++++ Record extracts

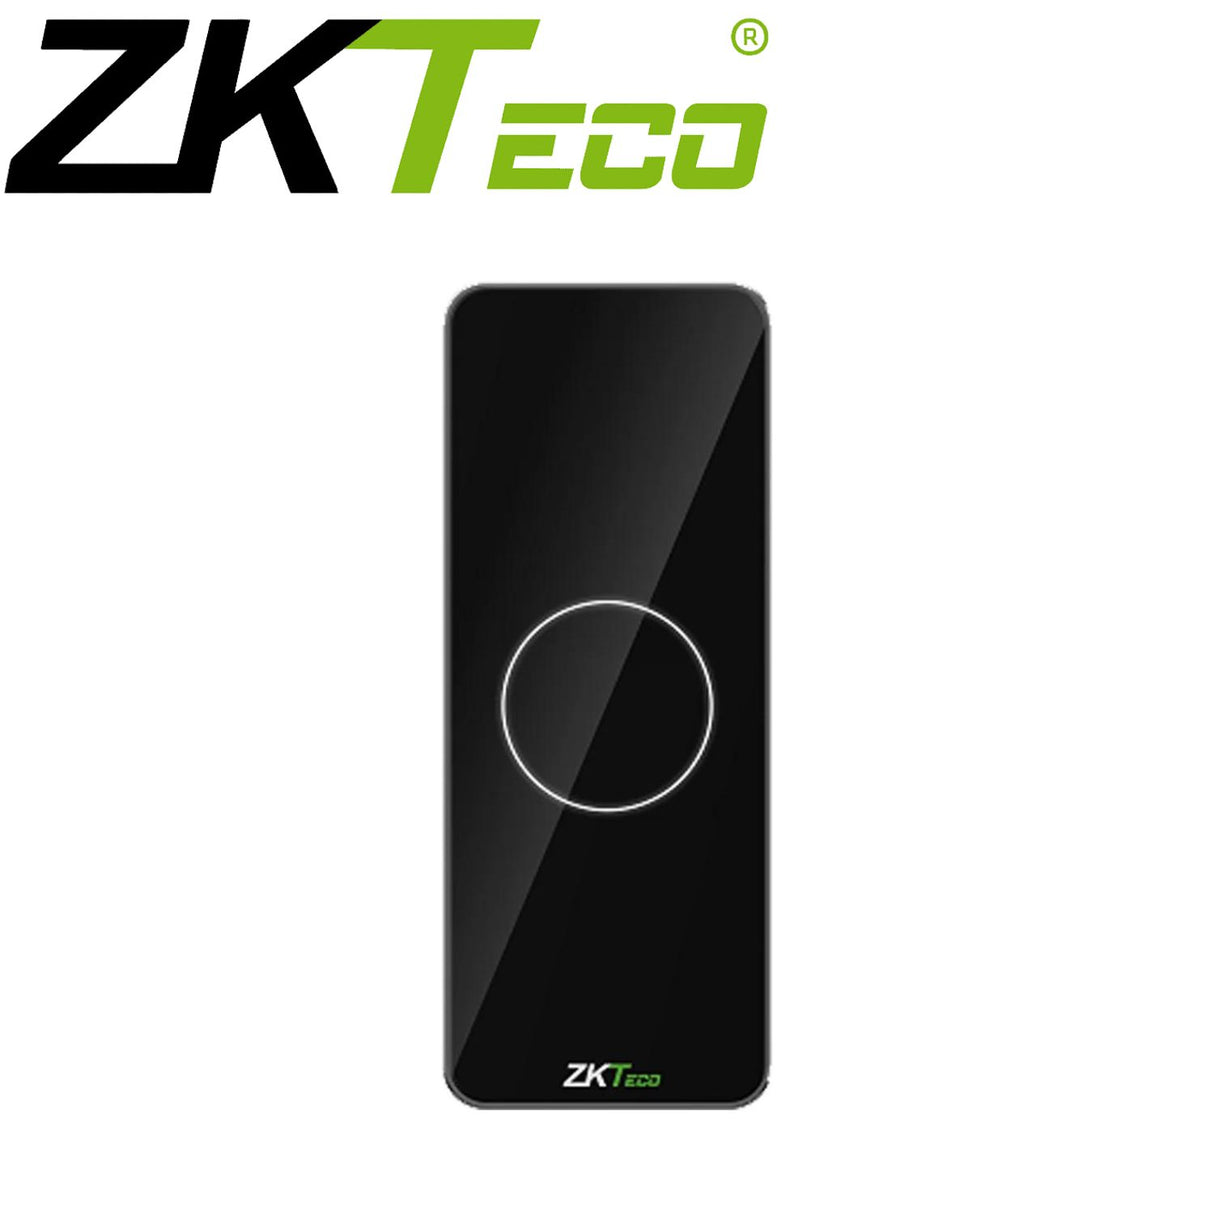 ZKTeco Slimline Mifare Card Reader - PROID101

++++++++
++++ Record extracts

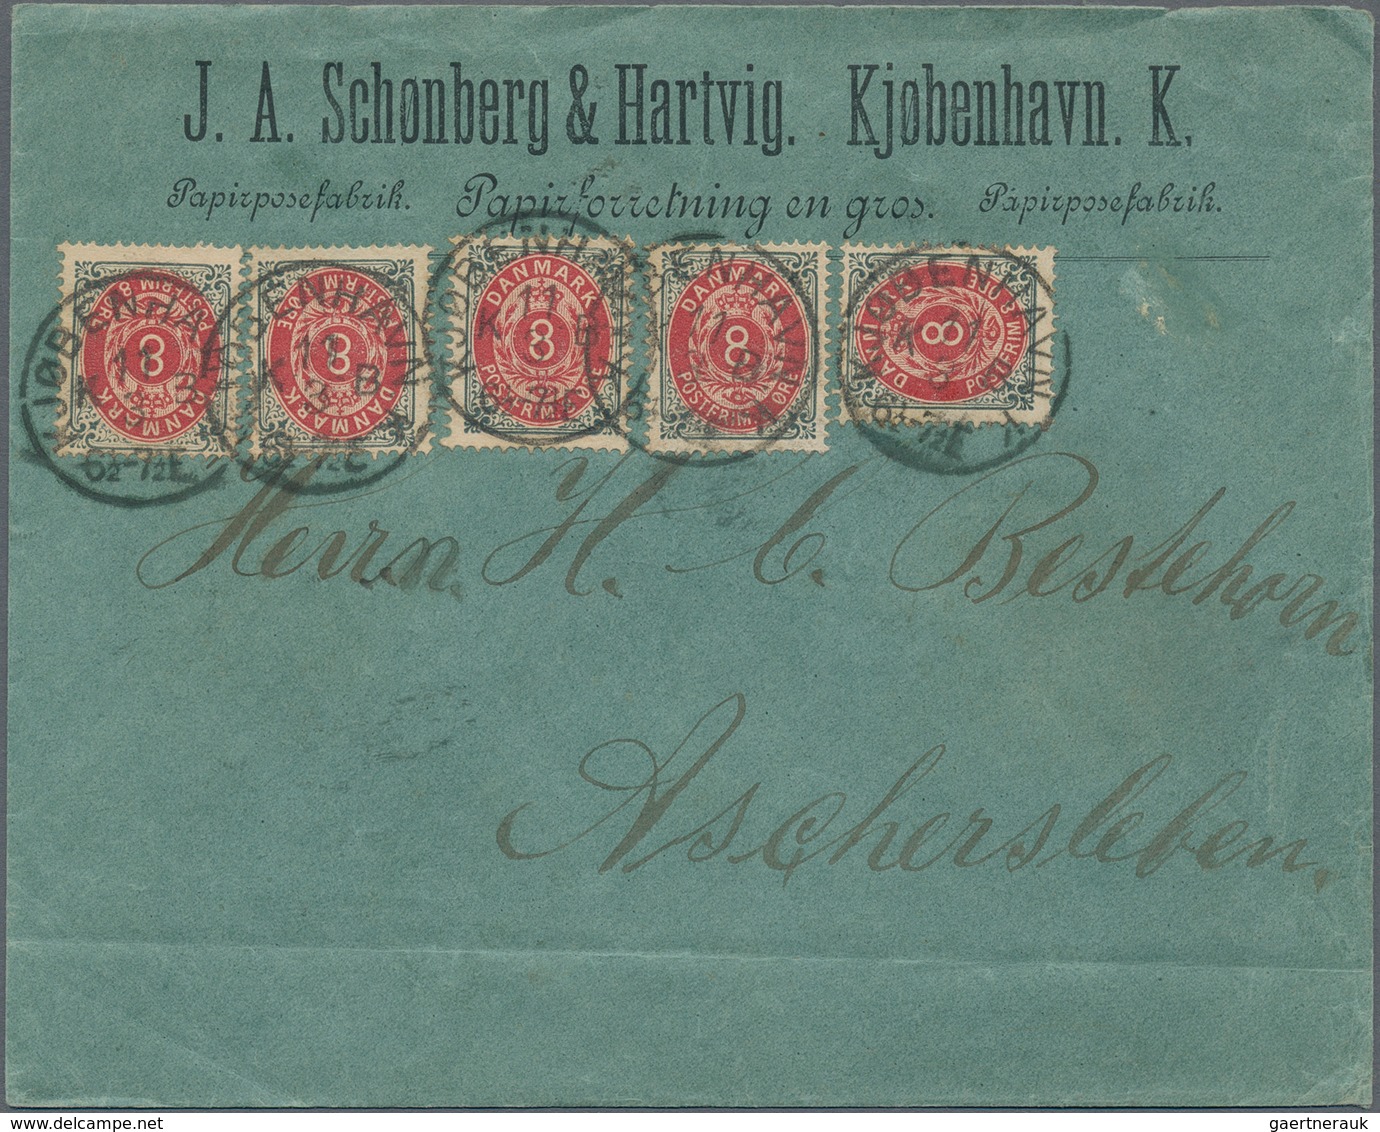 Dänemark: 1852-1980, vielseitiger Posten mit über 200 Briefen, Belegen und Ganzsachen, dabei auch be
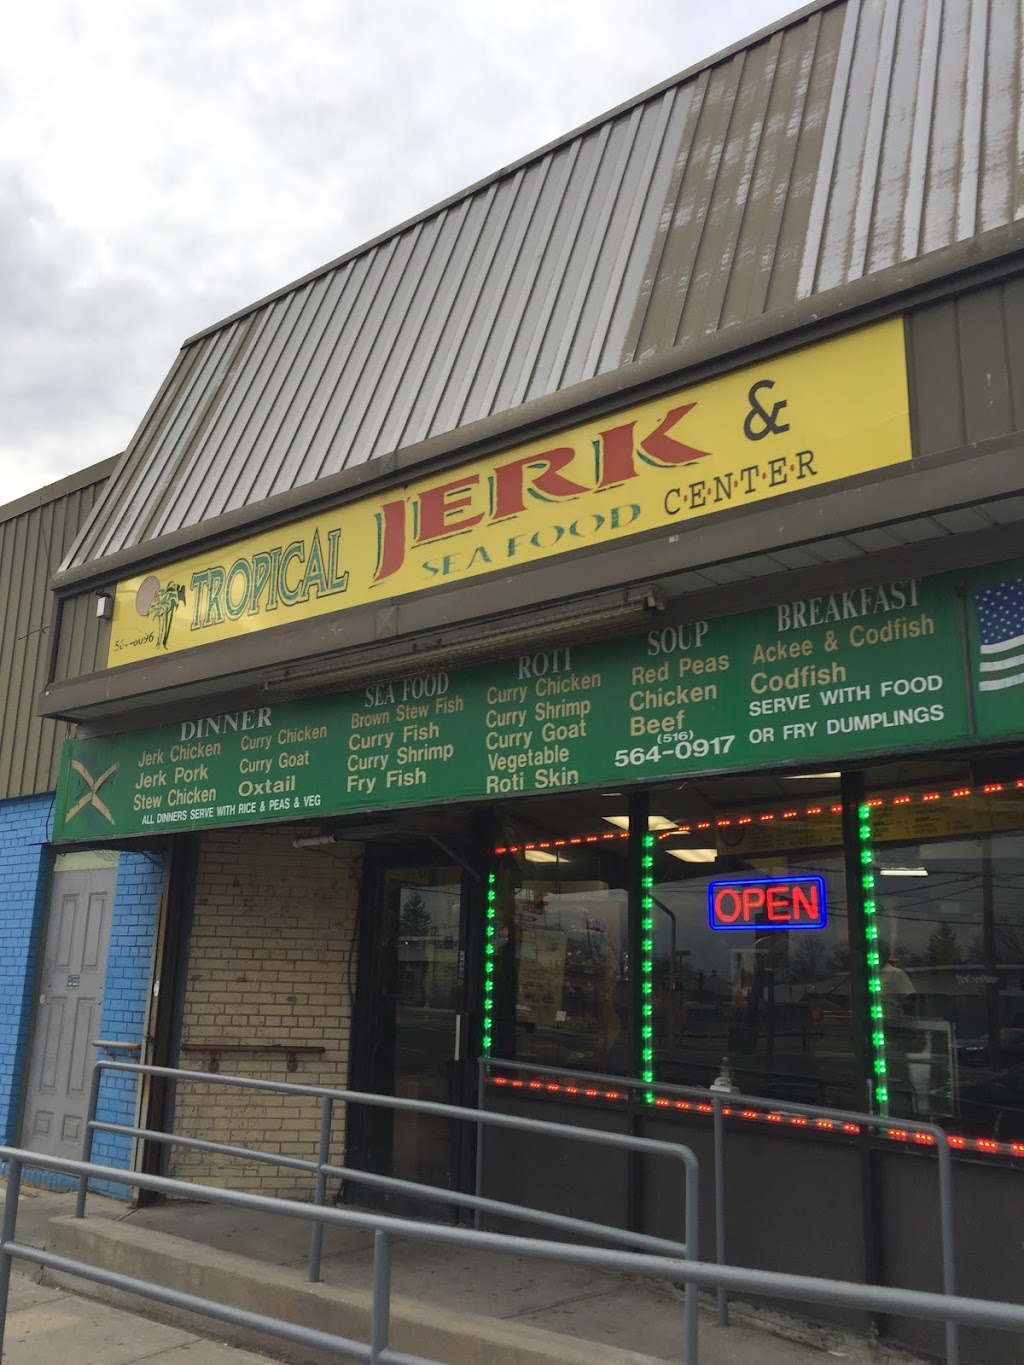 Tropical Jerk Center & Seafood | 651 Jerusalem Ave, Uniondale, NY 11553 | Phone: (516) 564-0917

++++++++

Your task.
Using the records above, return word for word the lines that begin at the one containing "Dänemark: 1852-1980, vielseitiger" and end at the one containing "Tropical Jerk Center", both of them included and no pictures.

Response area.
 Dänemark: 1852-1980, vielseitiger Posten mit über 200 Briefen, Belegen und Ganzsachen, dabei auch be
 Tropical Jerk Center & Seafood | 651 Jerusalem Ave, Uniondale, NY 11553 | Phone: (516) 564-0917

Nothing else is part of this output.